- Michael Currie in Sudden Impact
- Born: Herman Christian Schwenk Jr. July 24, 1928 Kingston, New York, U.S.
- Died: December 22, 2009 (aged 81) Freeport, Maine, U.S.
- Occupation: Actor
- Years active: 1964–2002

= Michael Currie (actor) =

American actor

Michael Currie (born Herman Christian Schwenk Jr.; July 24, 1928 – December 22, 2009) was an American actor who appeared in several films and on television. Born in Kingston, New York to Herman C. Schwenk and Mabel Lockwood, he began his career in 1964.

He had roles in several Clint Eastwood movies including the comedy film Any Which Way You Can (1980) and Firefox (1982).
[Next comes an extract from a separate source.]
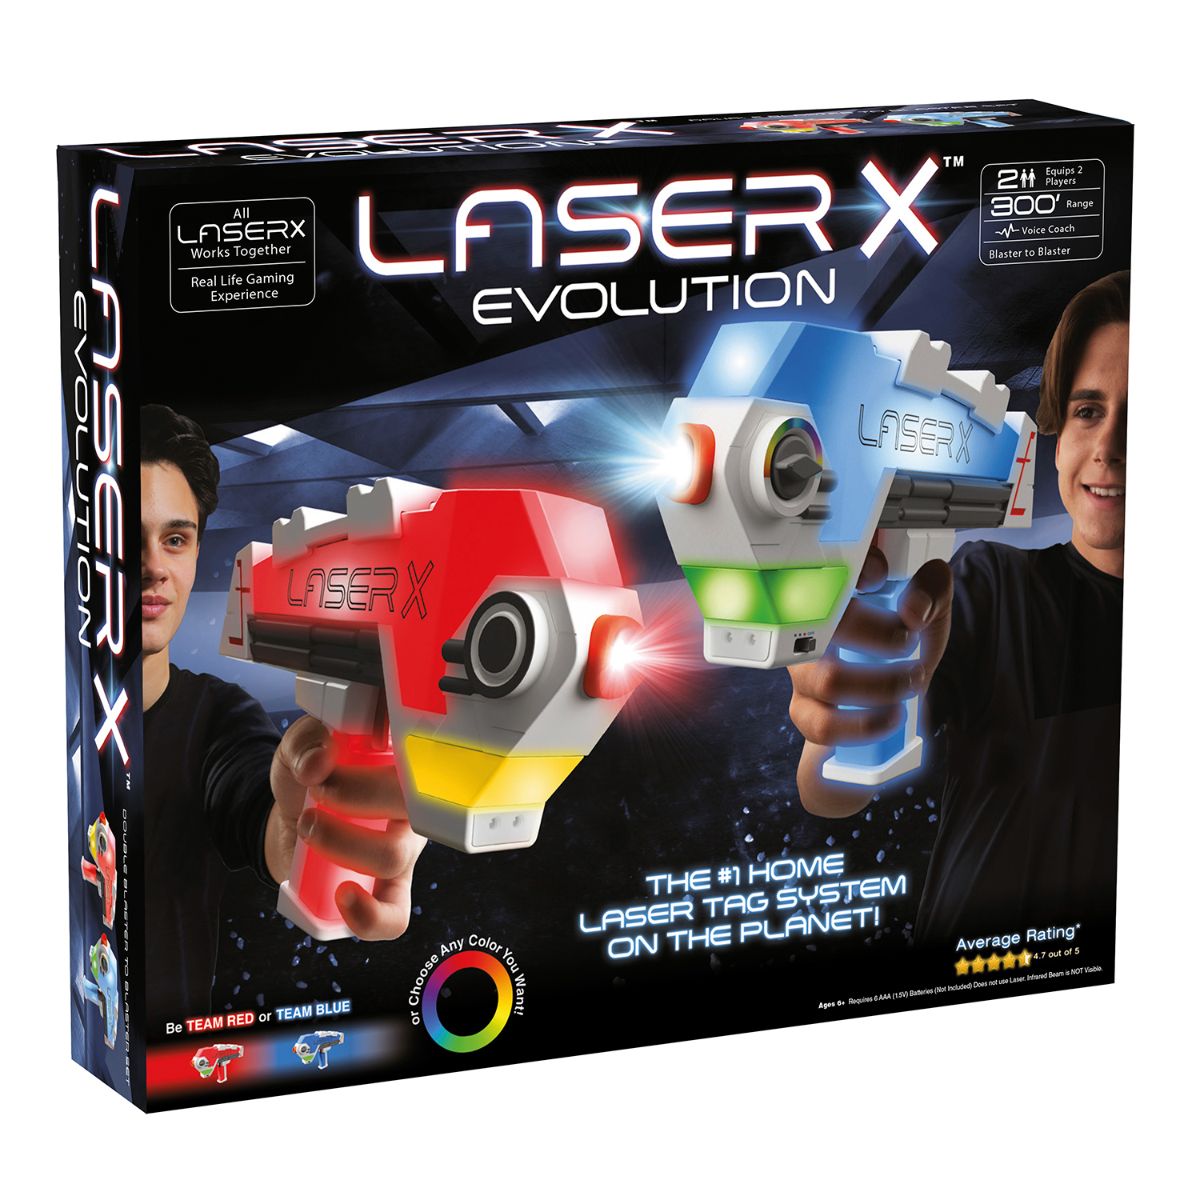 Set Blaster Dubble, Laser X Evolution, B2 Laser X

He also played Lt. Donnelly in the fourth installment of the "Dirty Harry" film series Sudden Impact (1983), and reprised his role as Capt. Donnelly in the 1988 sequel The Dead Pool.

Currie had roles in the horror films Dead & Buried (1981) and Halloween III: Season of the Witch (1982). His other film appearances included Loving Couples (1980), Airplane II: The Sequel (1982), Starflight: The Plane That Couldn't Land (1983), The Philadelphia Experiment (1984), Distant Thunder (1988), The Man Without a Face (1993) and G.I. Jane (1997).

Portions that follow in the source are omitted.